*SOURCE MATERIAL:*
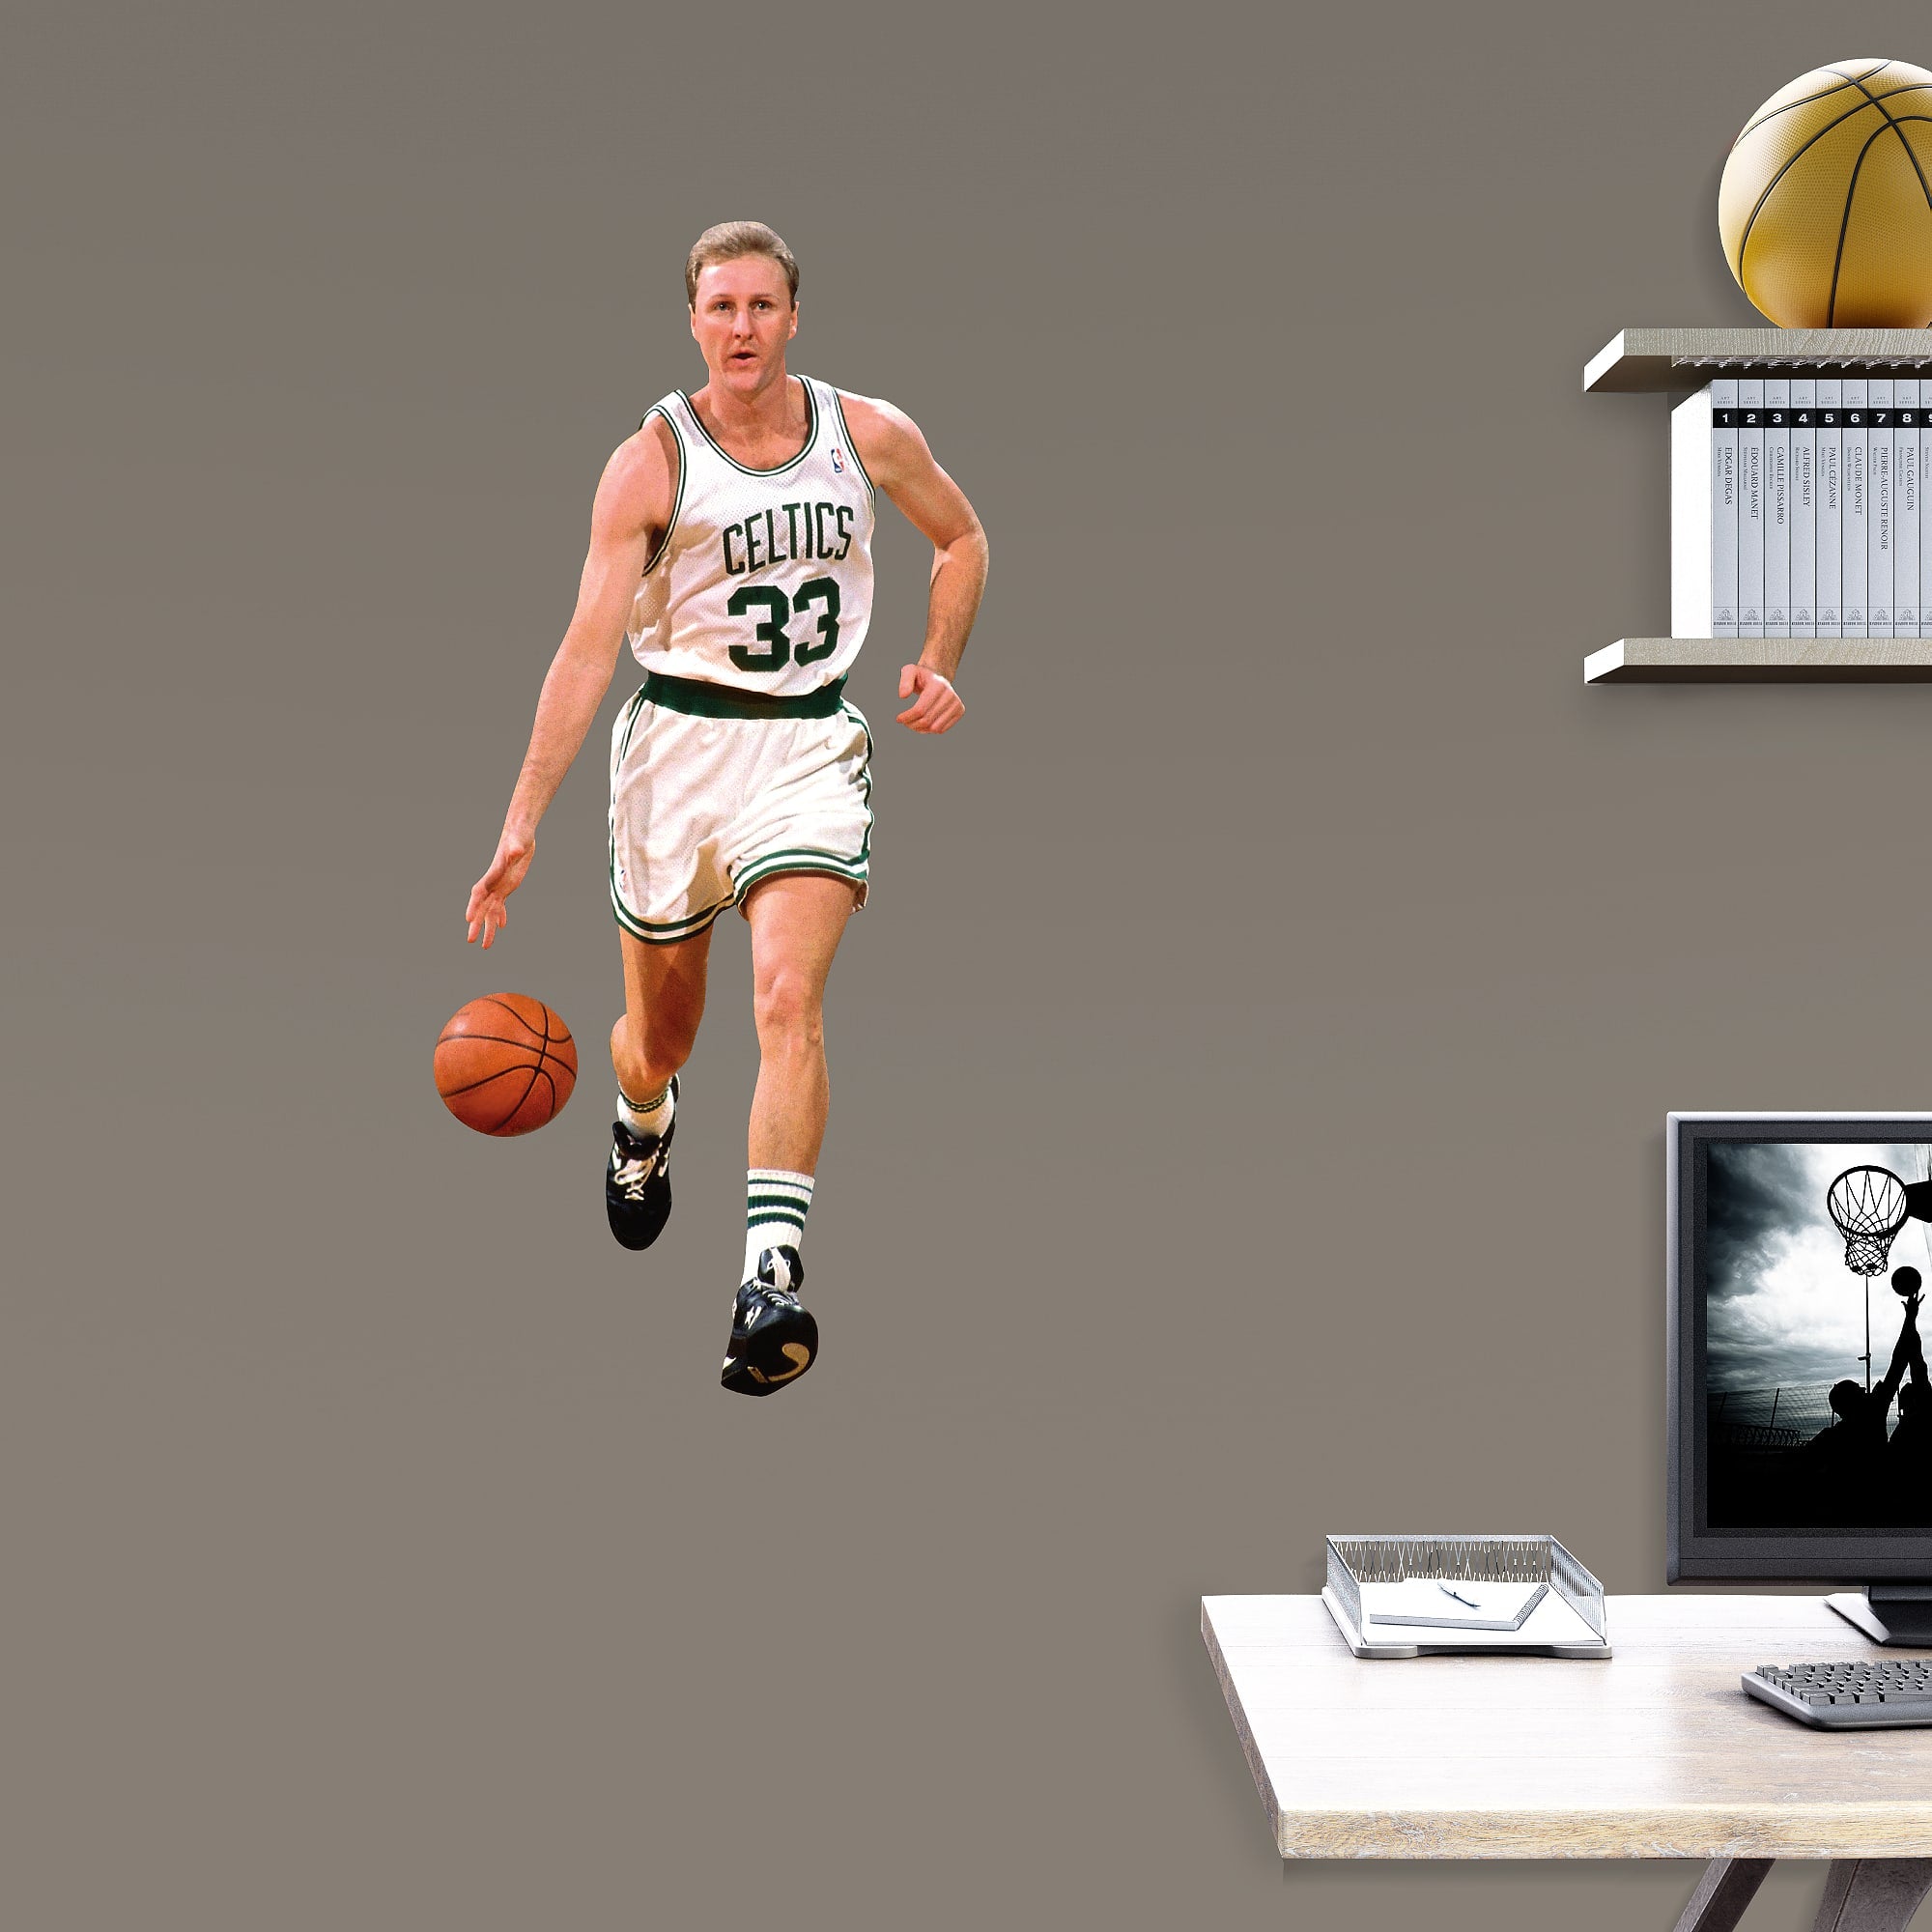 Larry Bird for Boston Celtics - Officially Licensed NBA Removable Wall Decal 15.0"W x 32.0"H by Fathead | Vinyl
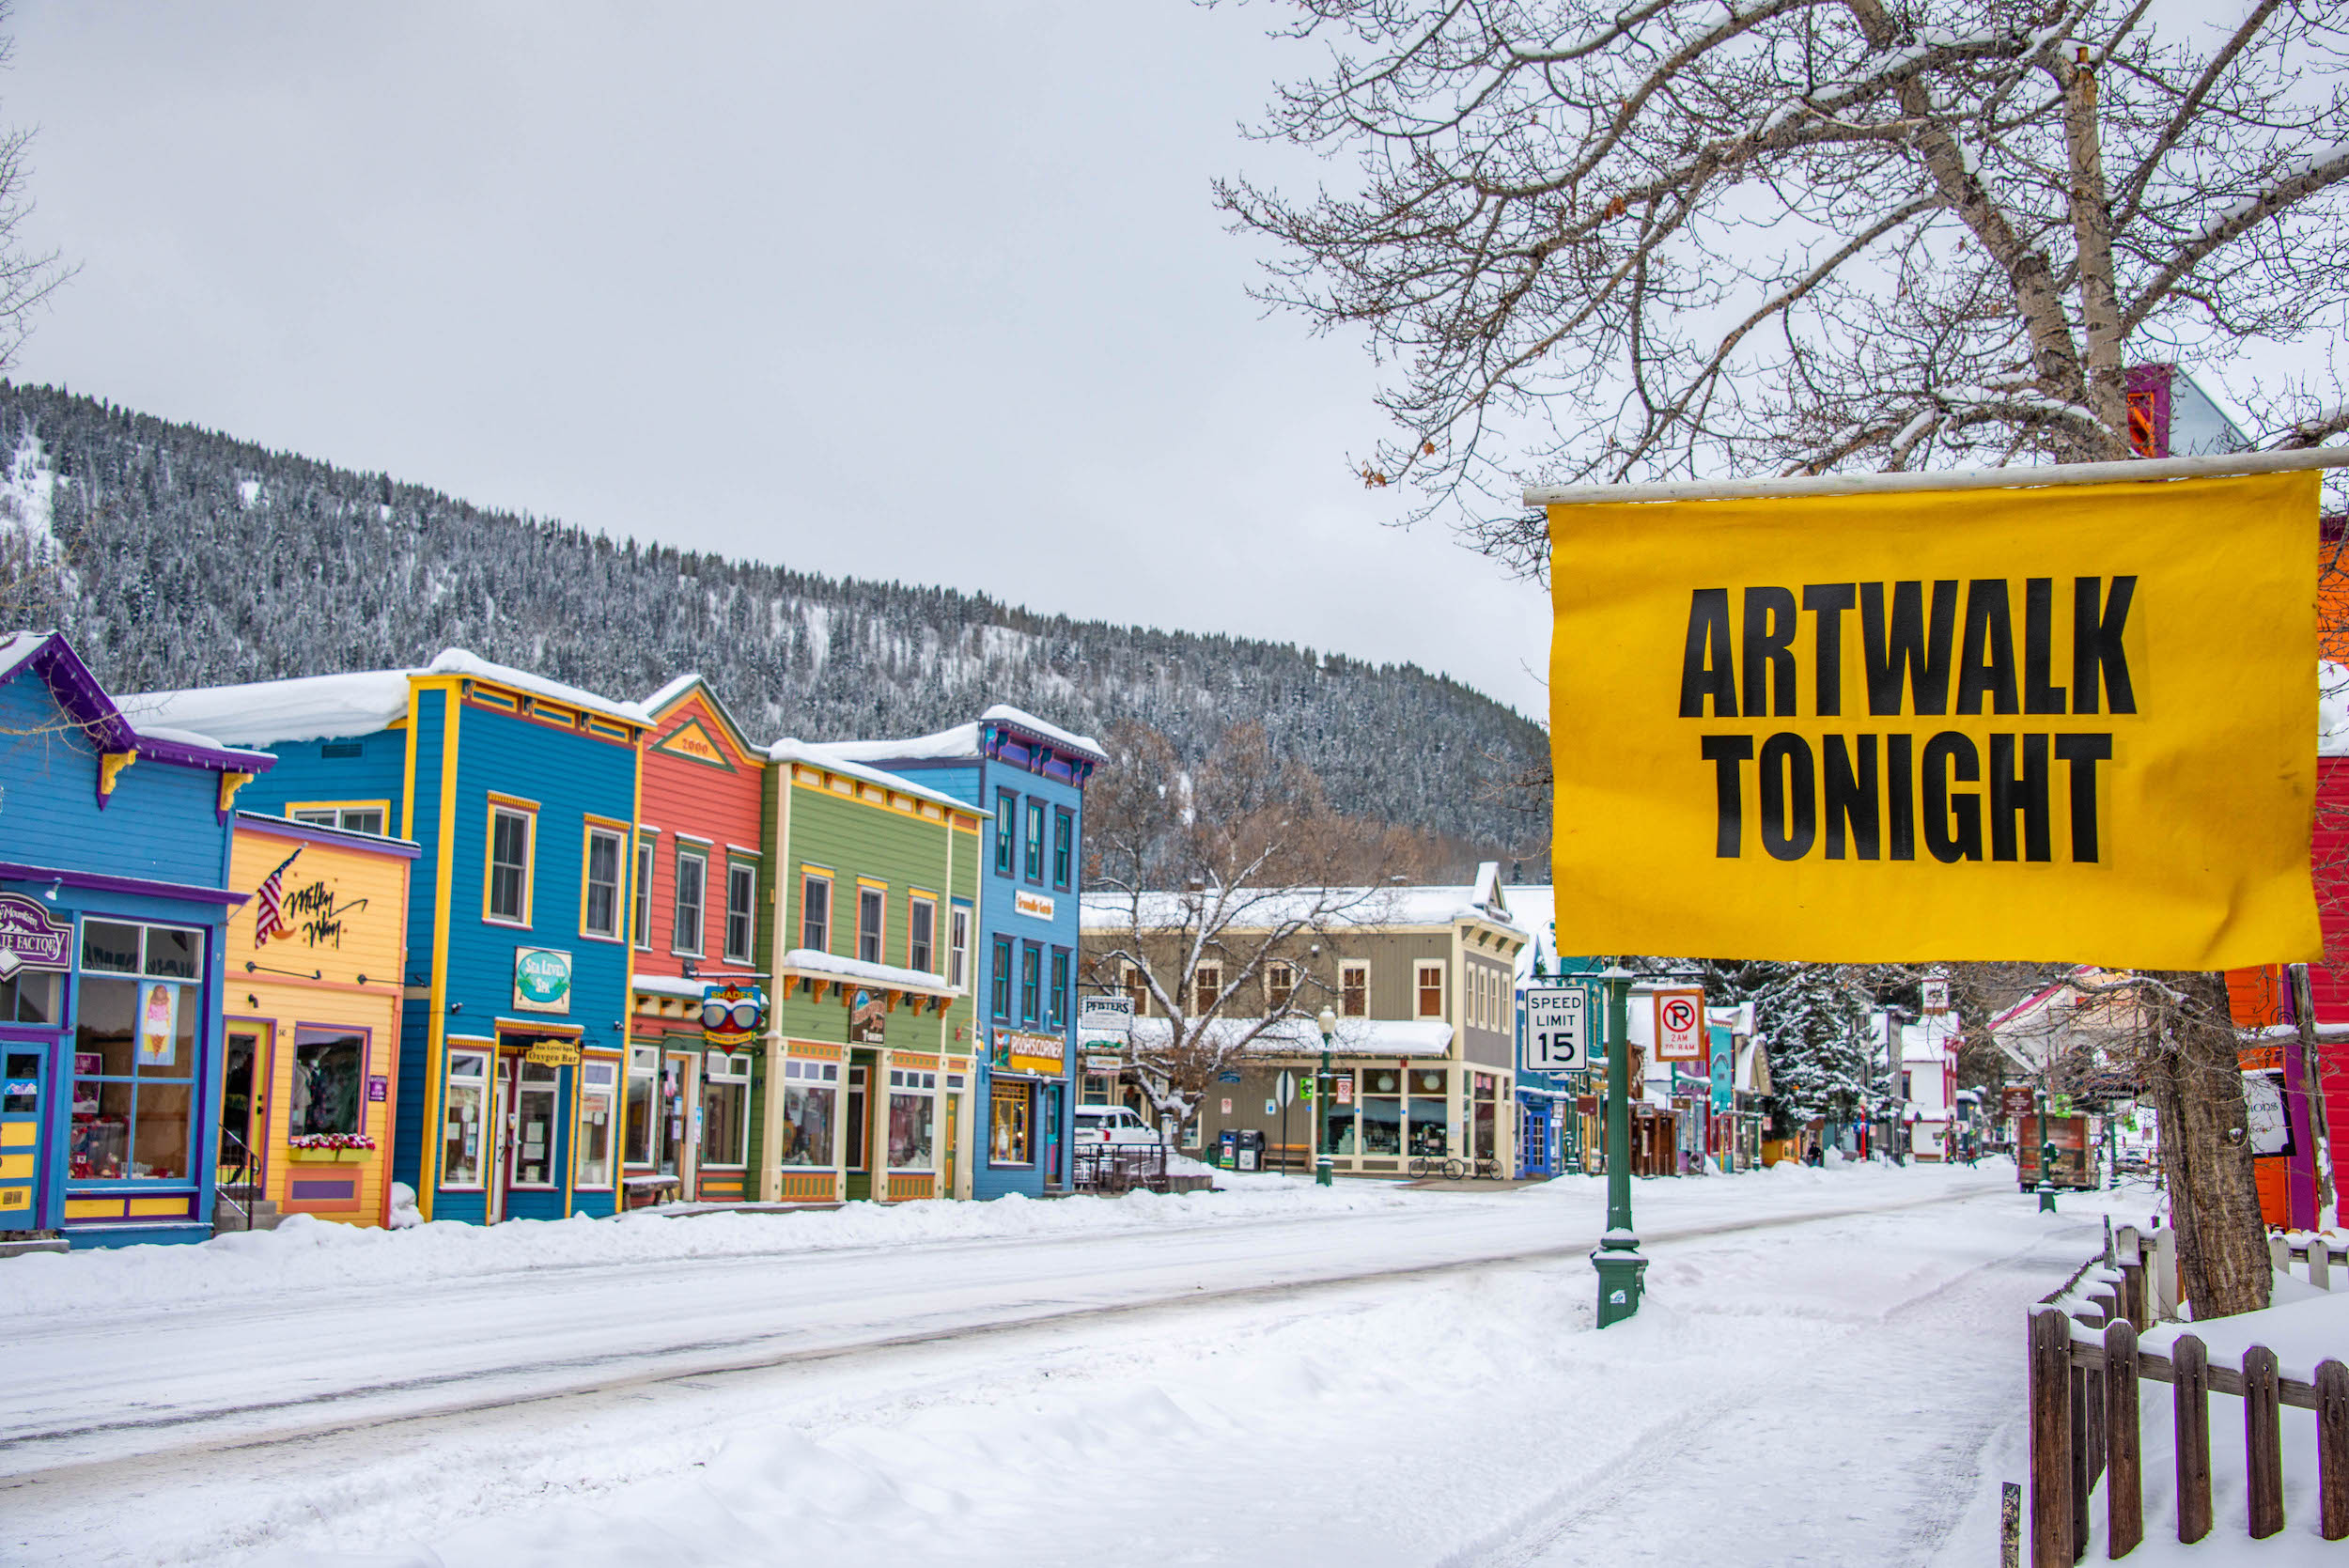 Downtown Crested Butte in the snow with a sign that says "artwalk tonight" advertising the monthly art walk to see local art in Crested Butte
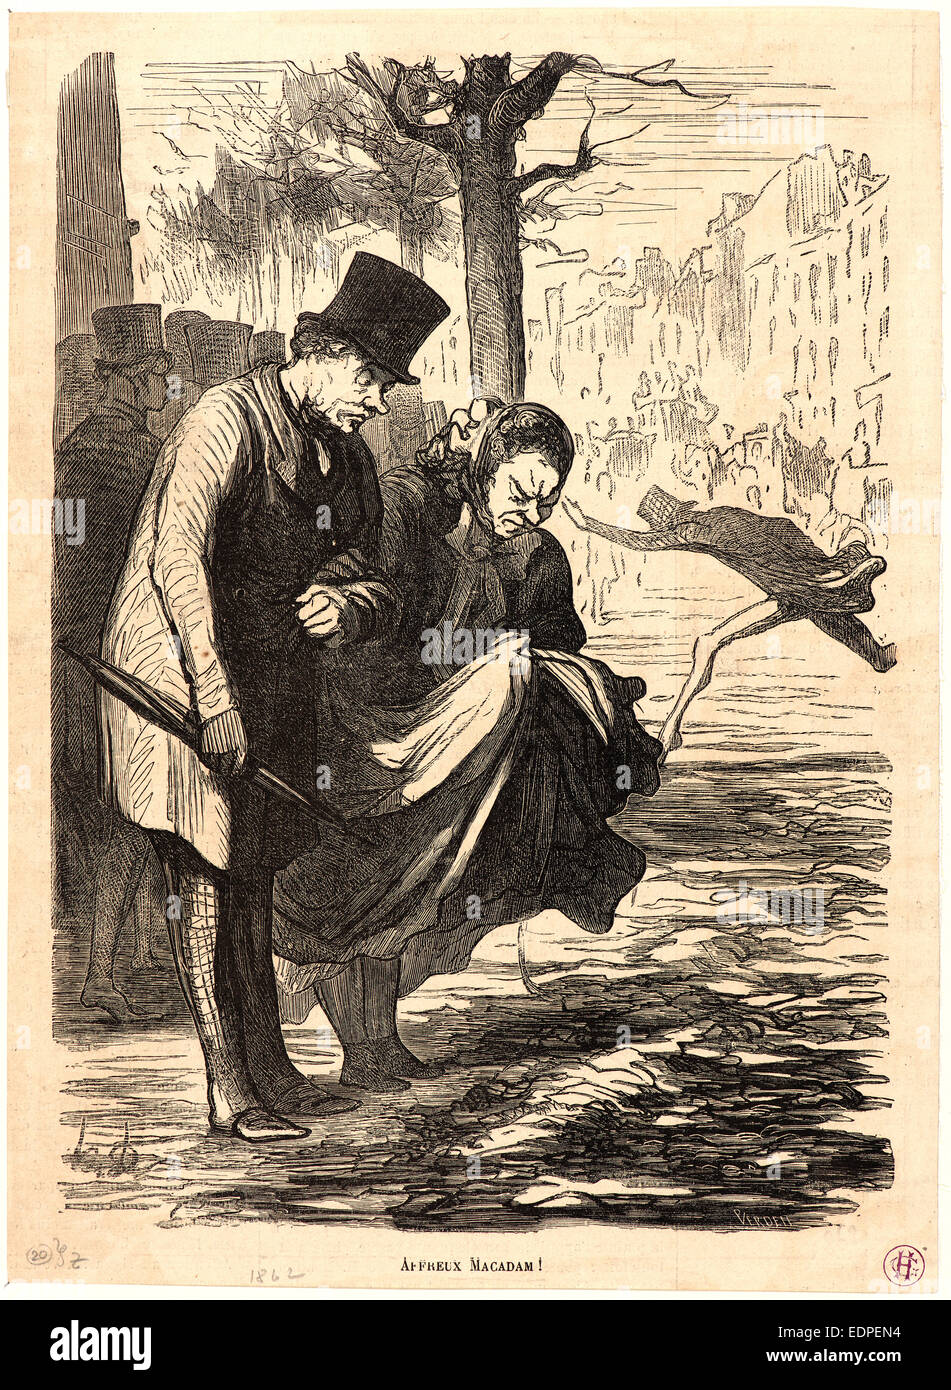 Honoré Daumier (French, 1808 - 1879). Affreux Macadam!, 1862. Wood engraving Stock Photo

*WHAT IS REQUIRED:*
Give back the material above exactly as written, but omit the images.

*OUTPUT FOR THIS EXERCISE:*
 Larry Bird for Boston Celtics - Officially Licensed NBA Removable Wall Decal 15.0"W x 32.0"H by Fathead | Vinyl
 Downtown Crested Butte in the snow with a sign that says "artwalk tonight" advertising the monthly art walk to see local art in Crested Butte
 Honoré Daumier (French, 1808 - 1879). Affreux Macadam!, 1862. Wood engraving Stock Photo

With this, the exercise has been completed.